Lets start this off by saying, my wife is an angel who bought me my first raft for Christmas! 

Up to this point I have been paddling an inflatable Kayak, but the goal was someday a raft for the family. The raft itself is a 10.5 RMR storm that with the Leafield D7 valves. I've always read about how Leafield makes the primo-valve in the industry, but up to this point I have had zero experience with them considering my kayaks had the Halkey-Robert valves; I've found these to be super easy to use as when you disconnect the pump the valve automatically shuts prevent air from escaping. 

I'm having trouble understanding the Leafields, and I'm fairly certain it's all user error and that I'll feel pretty dumb after figuring it out. However, when testing/inflating the raft and becoming familiar with it, It seems to me that rather than the valve "auto shutting", I have to get my thumb in and twist the valve shut as quickly as I can before the raft deflates too much. 

I must be doing something wrong here. Or is this working as intended and I need to become faster with the thumb?

Is there a special adapter that I am missing that does what I am hoping to achieve?

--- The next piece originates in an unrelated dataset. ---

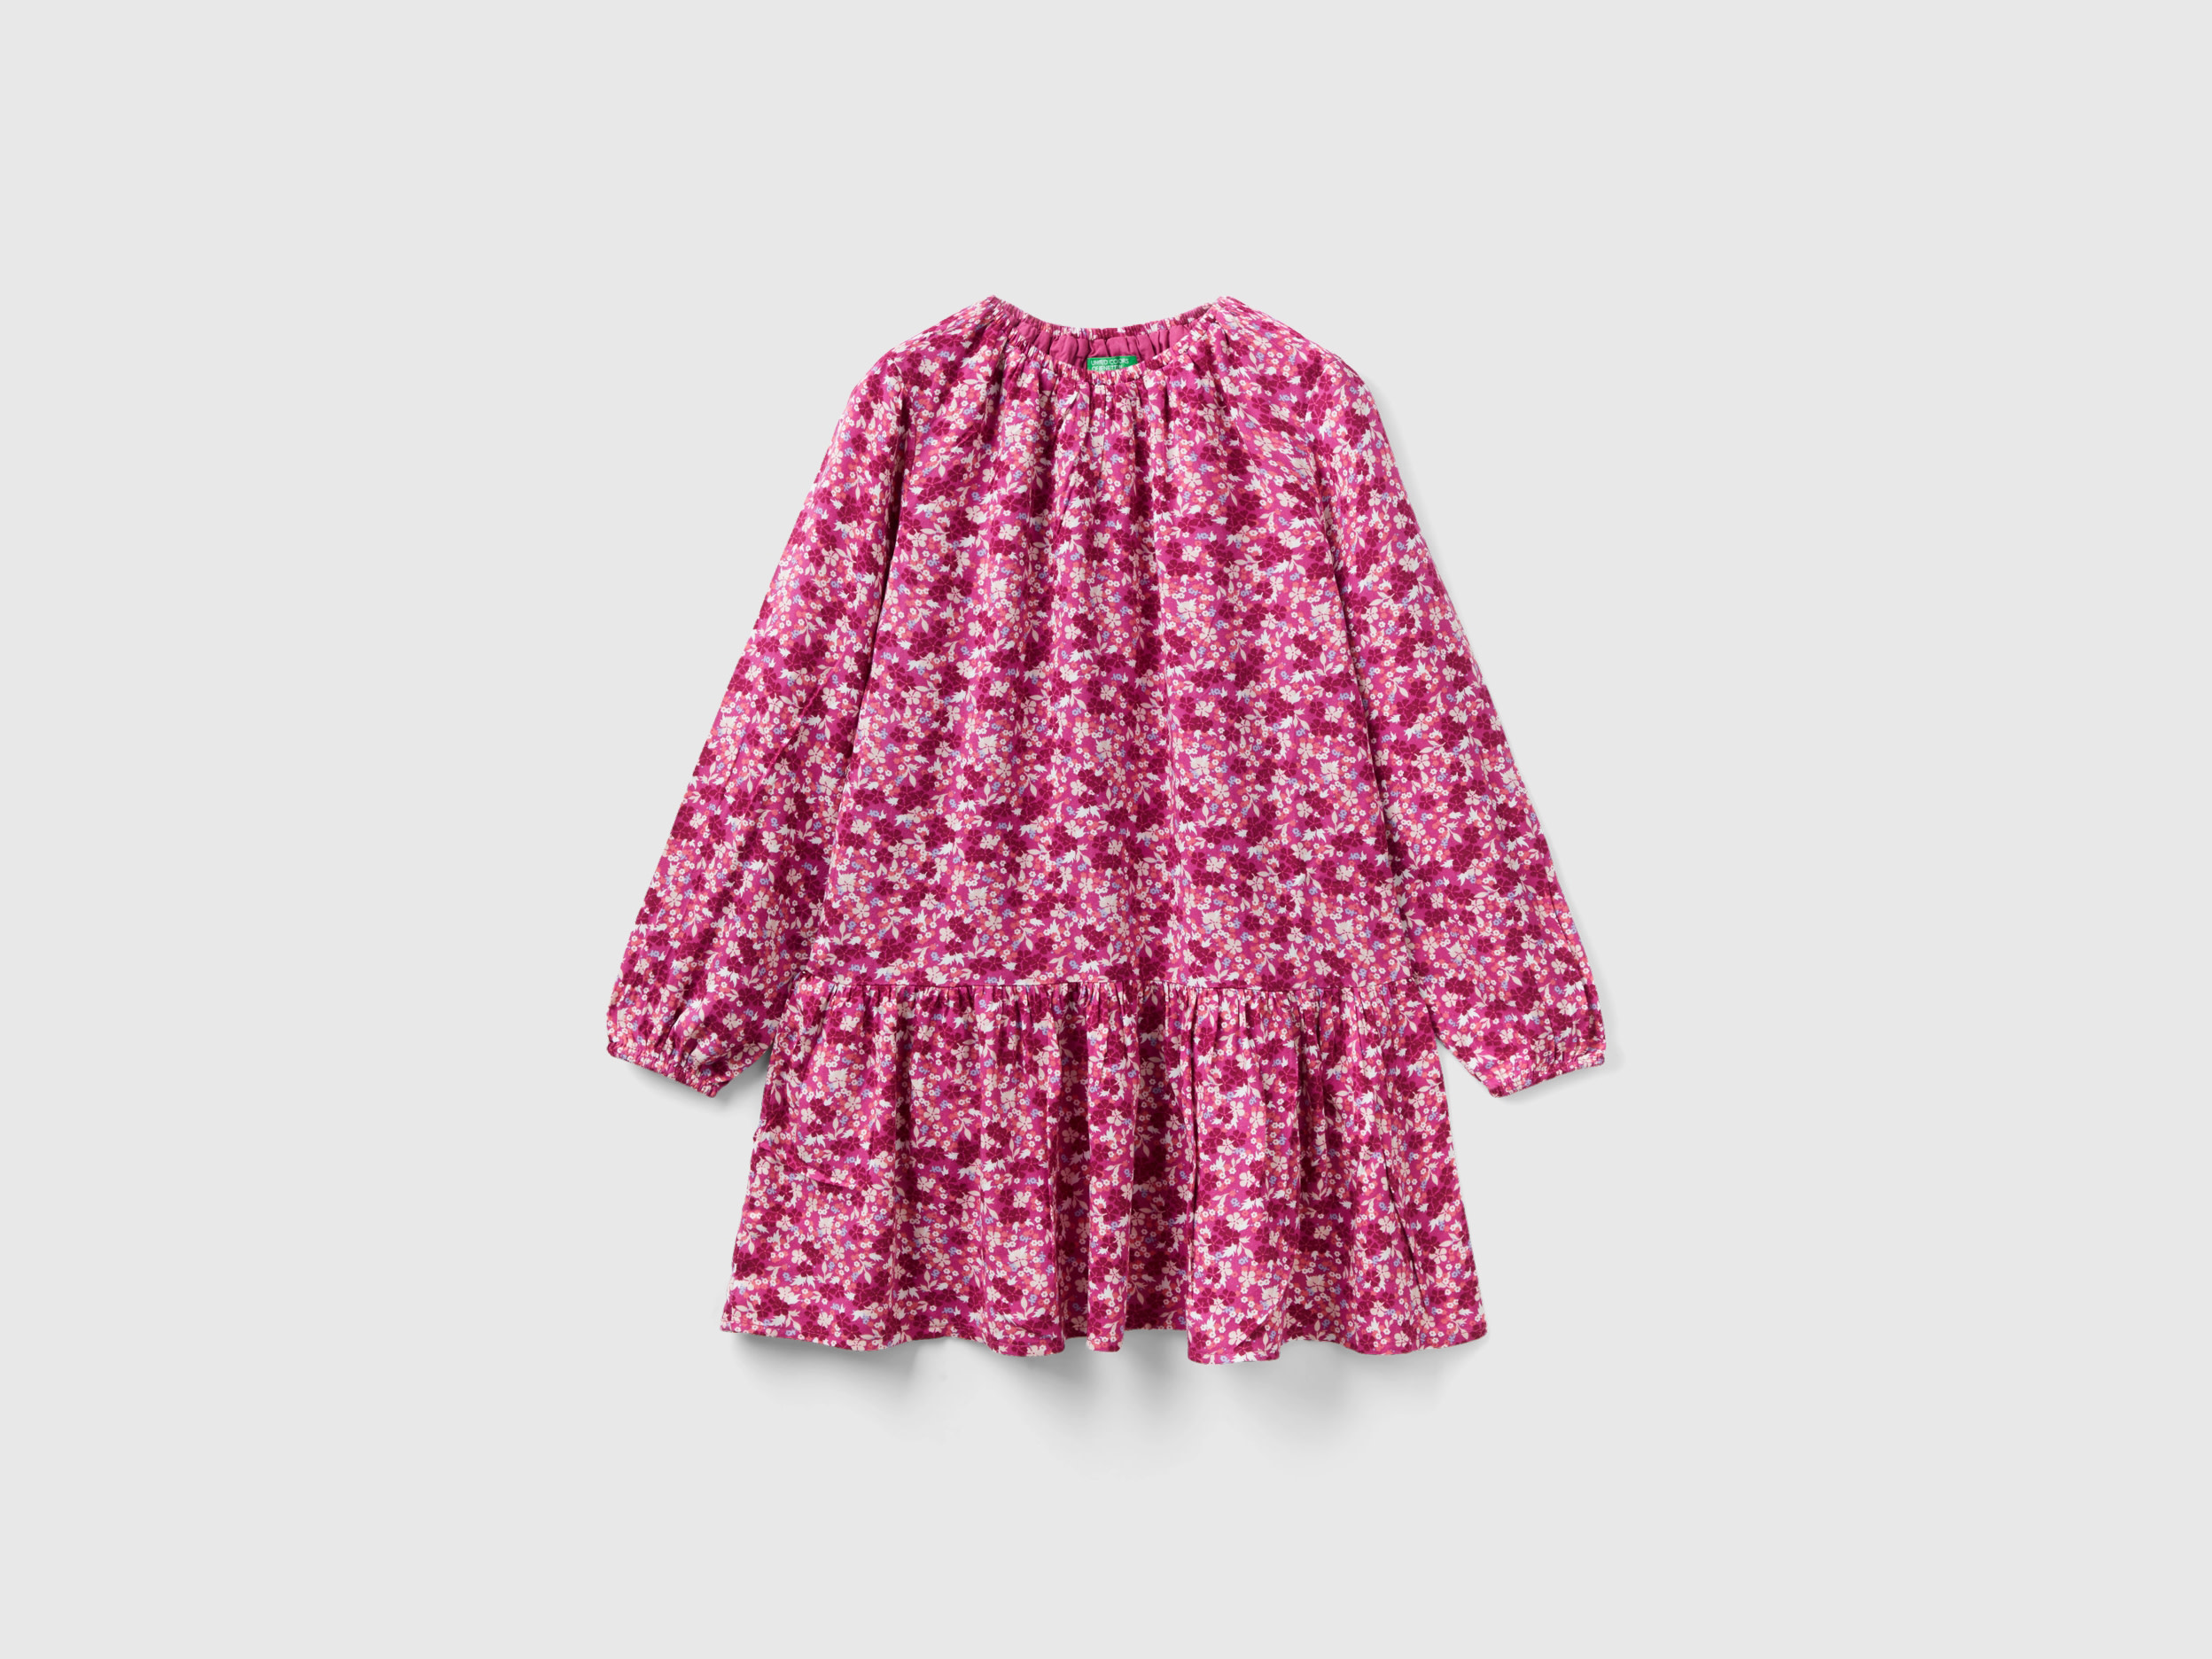 Benetton, Flowy Floral Dress, size XL, Multi-color, Kids

I see NRS makes an adapter for D7s, but its not clear to me if they keep the valve open while inflating, and shut when disconnecting, or if they're intent is to just hold and keep the tubes connected to the valve during inflation. 

Cheers!


----------



## Sparks1000 (Jul 5, 2018)

I’m not familiar with the D7 valves but are probably similar to the C7 ones. But basically, if you push in the stem and turn 90 degrees one way, the stem should stay open. To close, push in the stem and turn the opposite way. You do not need to push in the stem to inflate. The pressure from your device should be enough to push the valve in temporarily and close up when you are onto your next pump. Hopefully that makes sense.


----------



## Westernmost (Jun 2, 2020)

Sparks1000 said:


> I’m not familiar with the D7 valves but are probably similar to the C7 ones. But basically, if you push in the stem and turn 90 degrees one way, the stem should stay open. To close, push in the stem and turn the opposite way. You do not need to push in the stem to inflate. The pressure from your device should be enough to push the valve in temporarily and close up when you are onto your next pump. Hopefully that makes sense.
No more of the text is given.